Все-таки что такое моя жизнь в этом непонятном, вечном и огромном мире, окружающем меня, в беспредельности прошлого и будущего <…> в ограниченности лично мне данного пространства и времени?
Грусть — ведь это потребность радости, а не пессимизм…
Друг мой, я видел весь земной шар — жизнь везде такова! Все это ложь и вздор, чем будто бы живут люди? Нет у них ни бога, ни совести, ни разумной цели существования, ни любви, ни дружбы, ни честности, — нет даже простой жалости. Жизнь — скучный, зимний день в грязном кабаке, не более…
Женщина прекрасная должна занимать вторую ступень; первая принадлежит женщине милой. Сия-то делается владычицей нашего сердца; прежде, нежели мы отдадим о ней отчет сами себе, сердце наше делается невольником любви навеки…
Женщину мы обожаем за то, что она владычествует над нашей мечтой идеальной.
Жизнь (моя и всякая) есть <…> вечное ожидание: ожидание не только счастья, какой-то особенной полноты его, но еще и чего-то такого, в чем (когда настанет оно) эта суть, этот смысл вдруг наконец обнаружится.
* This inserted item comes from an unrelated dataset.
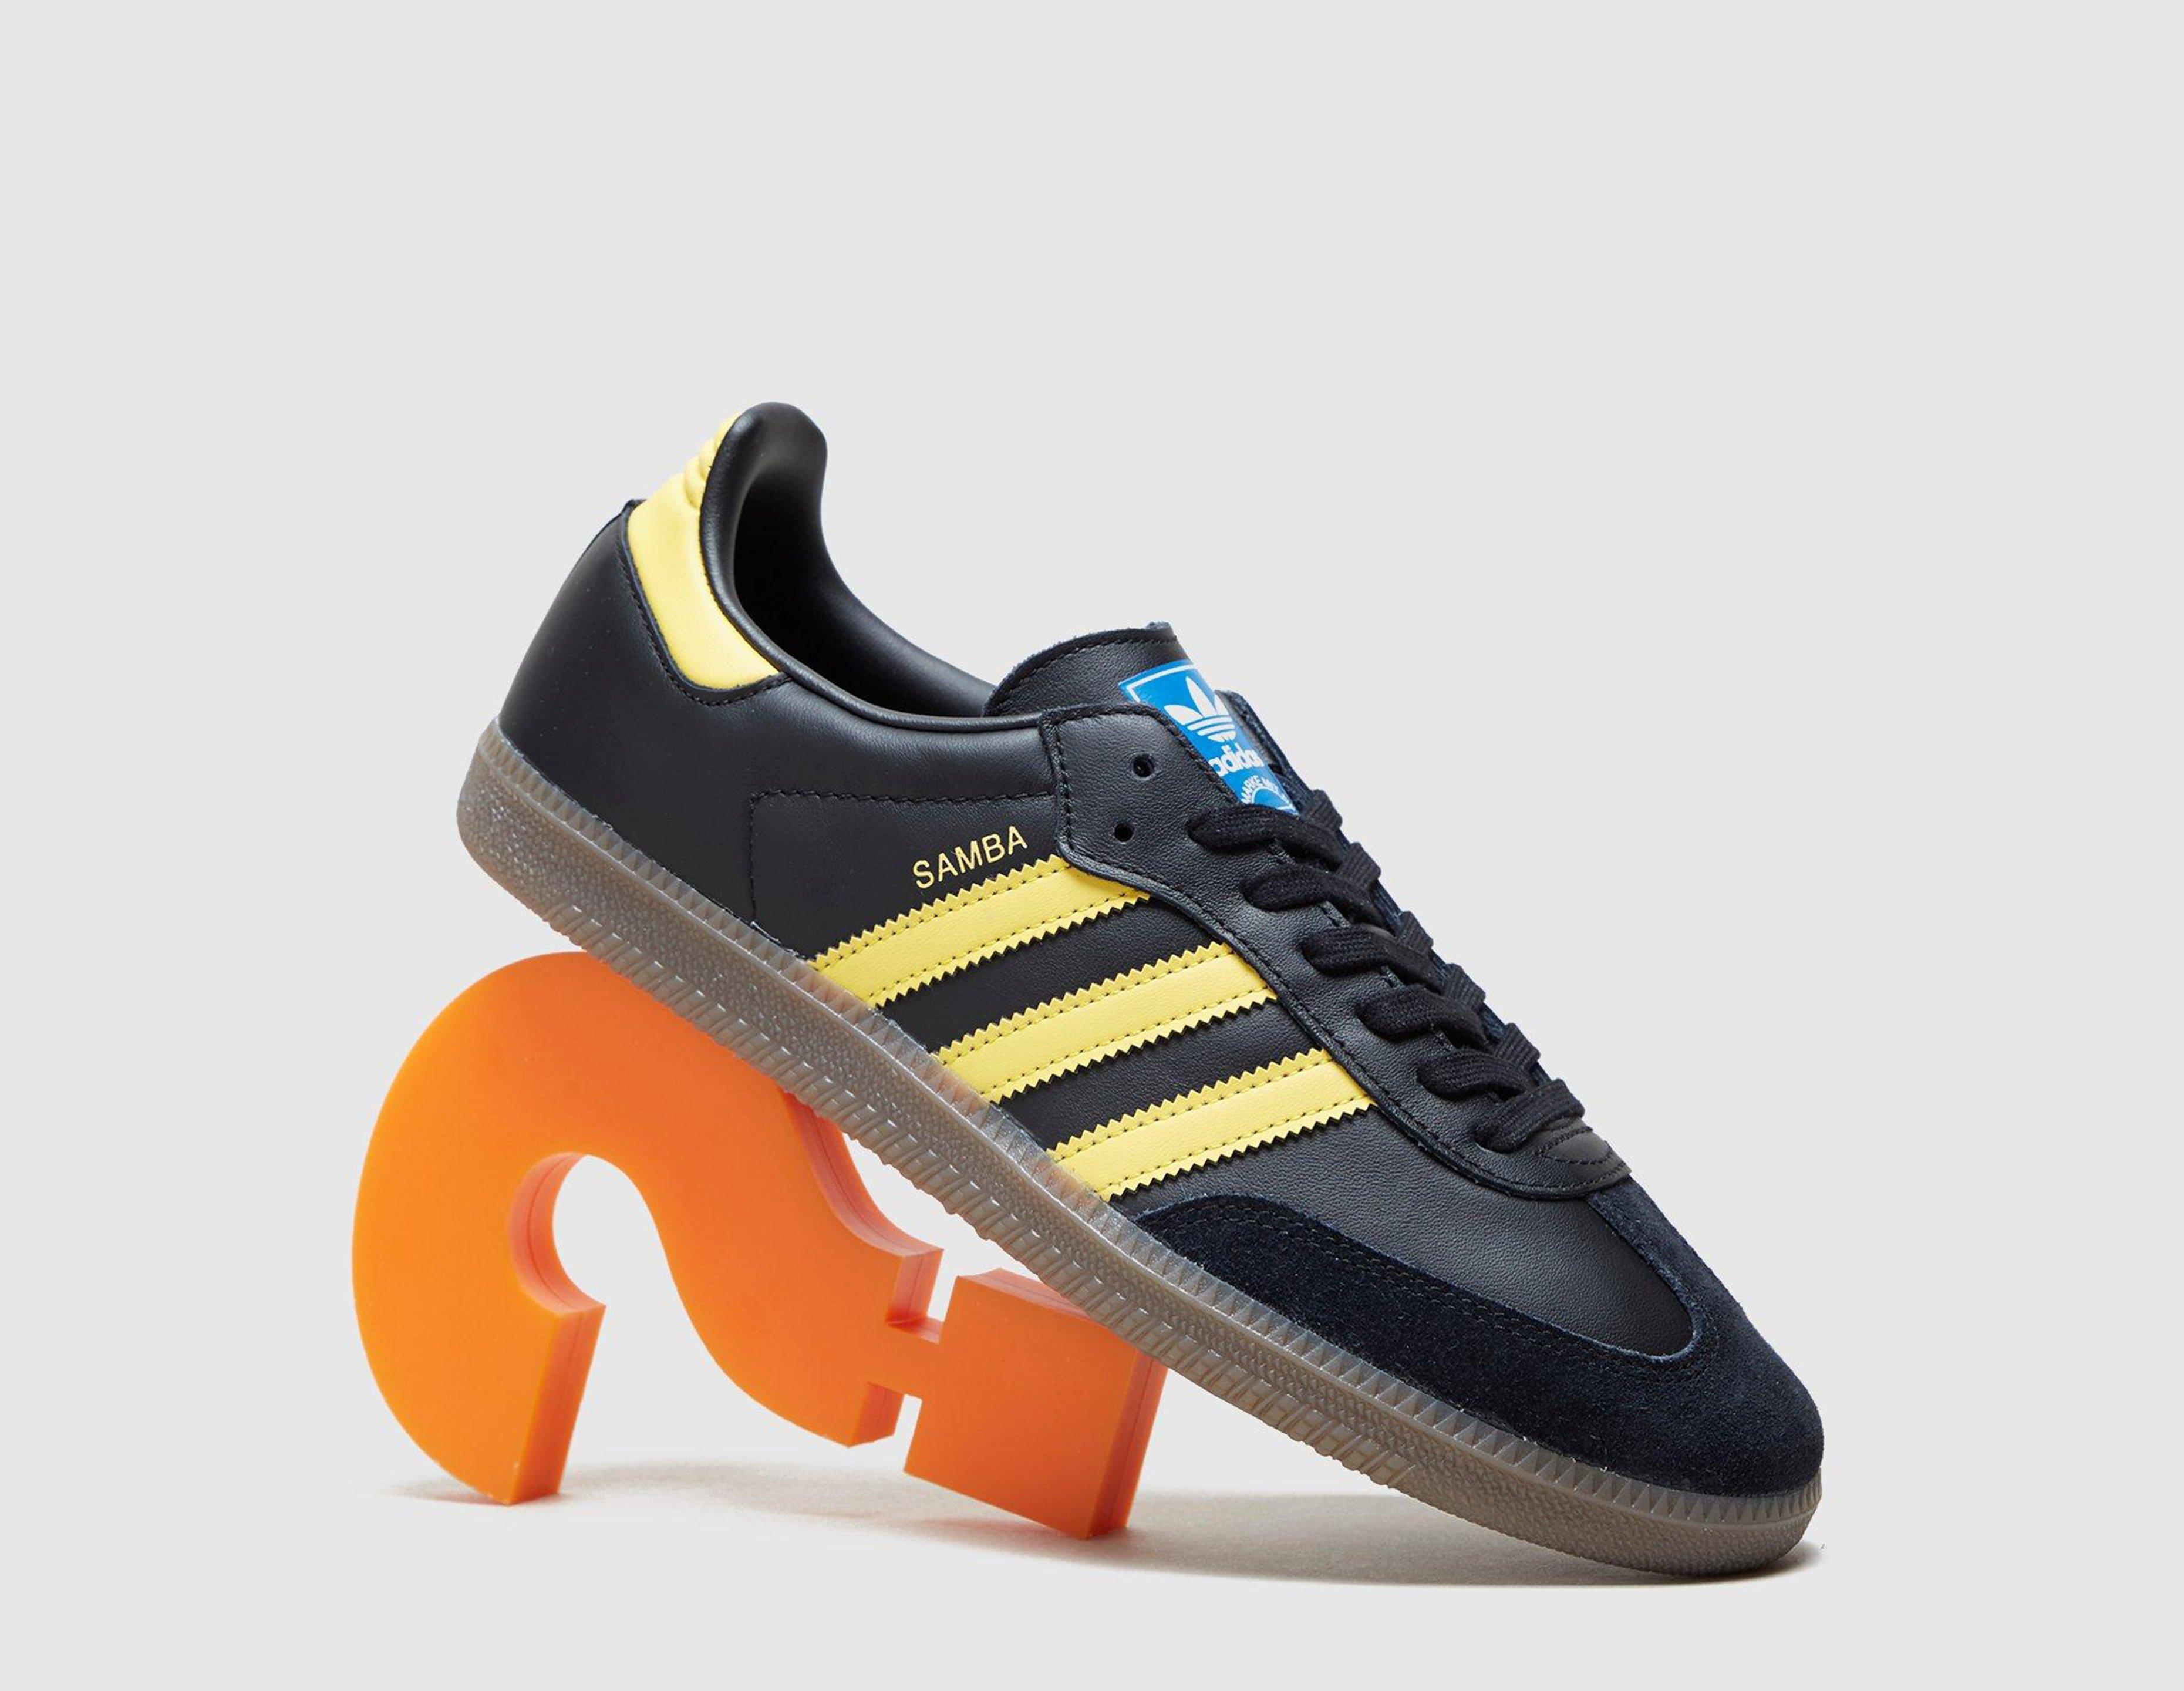 chaussure de foot synthétique adidas

Жизнь (моя и всякая) есть смена дней и ночей, дел и отдыха, встреч и бесед, удовольствий и неприятностей, иногда называемых событиями; есть беспорядочное накопление впечатлений, картин и образов, из которых лишь самая ничтожная часть (да и то неизвестно зачем и как) удерживается в нас; есть непрестанное, ни на единый миг нас не оставляющее течение несвязных чувств и мыслей; беспорядочных воспоминаний о прошлом и смутных гаданий о будущем; а еще — нечто такое, в чем как будто и заключается некая суть ее, некий смысл и цель, что-то главное, чего уж никак нельзя уловить и выразить…
Жизнь есть, несомненно, любовь, доброта, и уменьшение любви есть всегда уменьшение жизни, есть уже смерть.
Жизнь и должна быть восхищением…
Жизнь мира — жизнь, тайна которой есть наше вечное и великое мучение…
И бедное человеческое сердце радуется, утешается: нет в мире смерти, нет гибели тому, что было, чем жил когда-то! Нет разлук и потерь, доколе жива моя душа, моя Любовь, Память!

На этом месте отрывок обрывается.